Thus, a challenge for the data scientists and DL developers is to train models that can take these sources of bias into account and to prove their robustness and the generalizability on large multicentric dataset. From a clinical point of view, it is important to define standardized study design and a set of landmarks to be used for 3D cephalometric analysis, to reduce bias in comparison between the different models.

In light of these considerations, the high value of τ² (τ² = 1.018) obtained from the meta-analysis can be interpreted. τ² is used to refer to the amount of among-study heterogeneity in a set of studies being analyzed. A high value of τ² means that the results of the studies are quite different from one another and that the abovementioned factors are influencing the results and need to be considered. Therefore, each study result reported in this review must be interpreted also considering the characteristics of the investigation. This systematic review with meta-analysis provides a useful insight into the current situation in the field of 3D automatic identification and underlines the need to define standardized protocols.
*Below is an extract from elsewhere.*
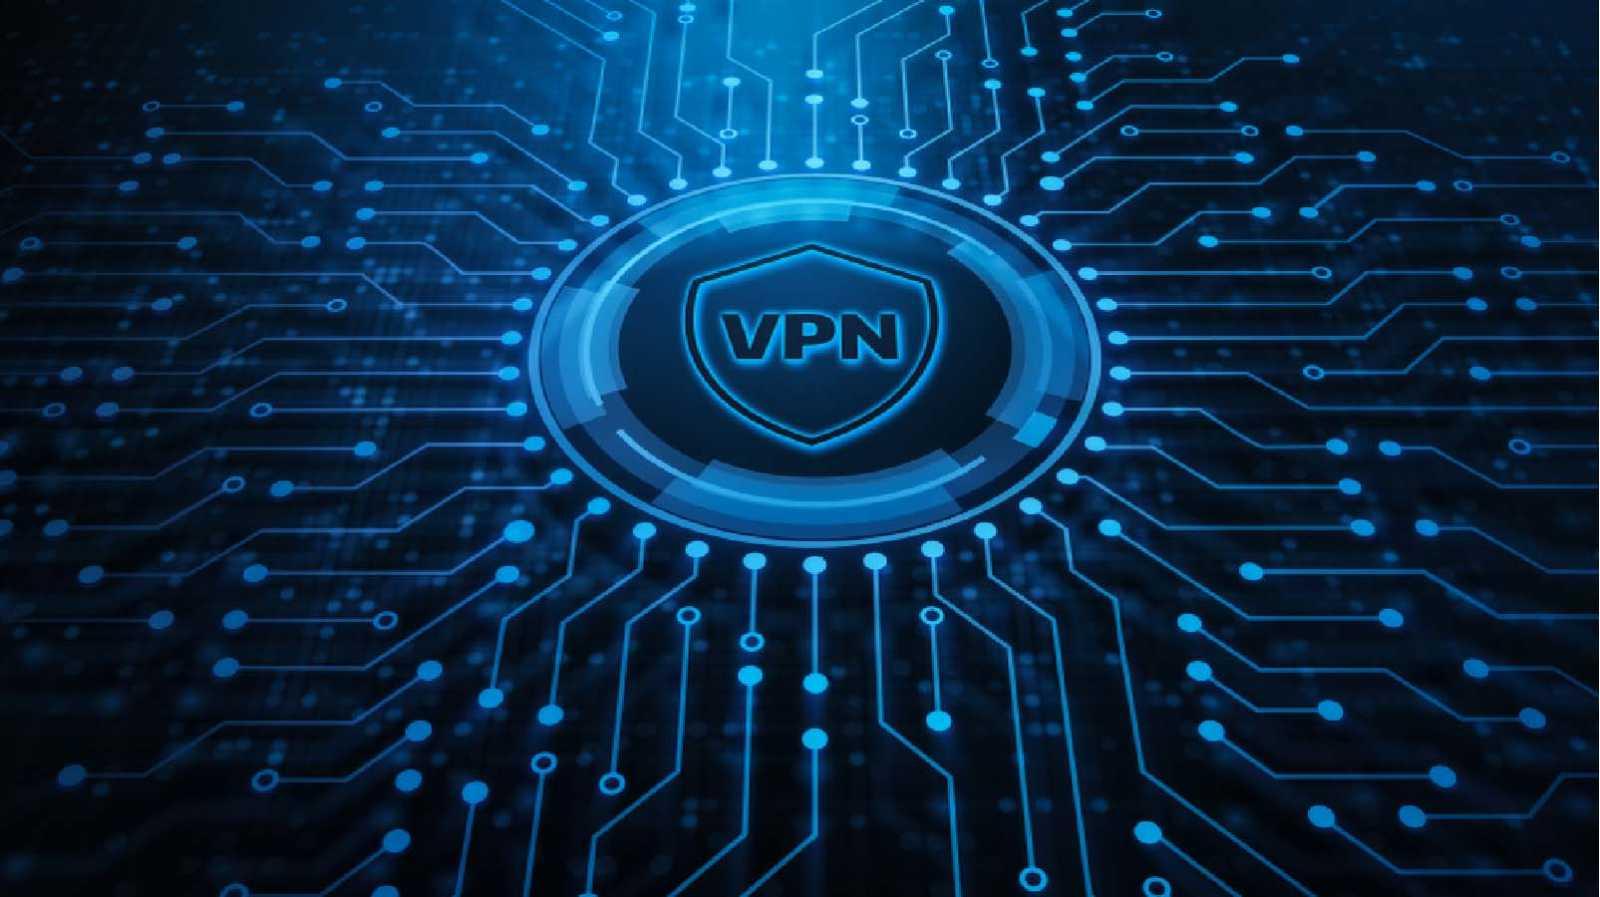 VPN bandwidth monitoring

Another interesting aspect that can be observed from the forest plot in Fig. 2 is that five out of eleven studies are on the left side of the graph, i.e., their effect size is lower than the overall effect size. Of these, four studies are the most recently published ones. As evidenced by the presence of numerous articles over the past two years, interest in this type of analysis is rapidly increasing, with great improvements in the identification accuracy. The graph in Fig. 3 shows the error trend during the last 2 years: From an average error of 3.71 mm in 2020 and 2021, it reached 1.84 mm, to arrive in 2022 to an error of 1.34 mm. Considering that, from a clinical point of view, the threshold for the manual reference point is fixed at 2 mm in 2D cephalometry [51], these models can be considered a huge support for the clinician in reducing operator-dependent error. Furthermore, the main advantage will be the reduction of the operating time. In fact, an expert clinician takes 10/15 min for the 3D cephalometric annotation, while using DL-based automatic models the time would be significantly reduced to about 1 min or less. This would allow the dentist/orthodontist to speed up time consuming and cumbersome procedures and devote time to patient care and well-being.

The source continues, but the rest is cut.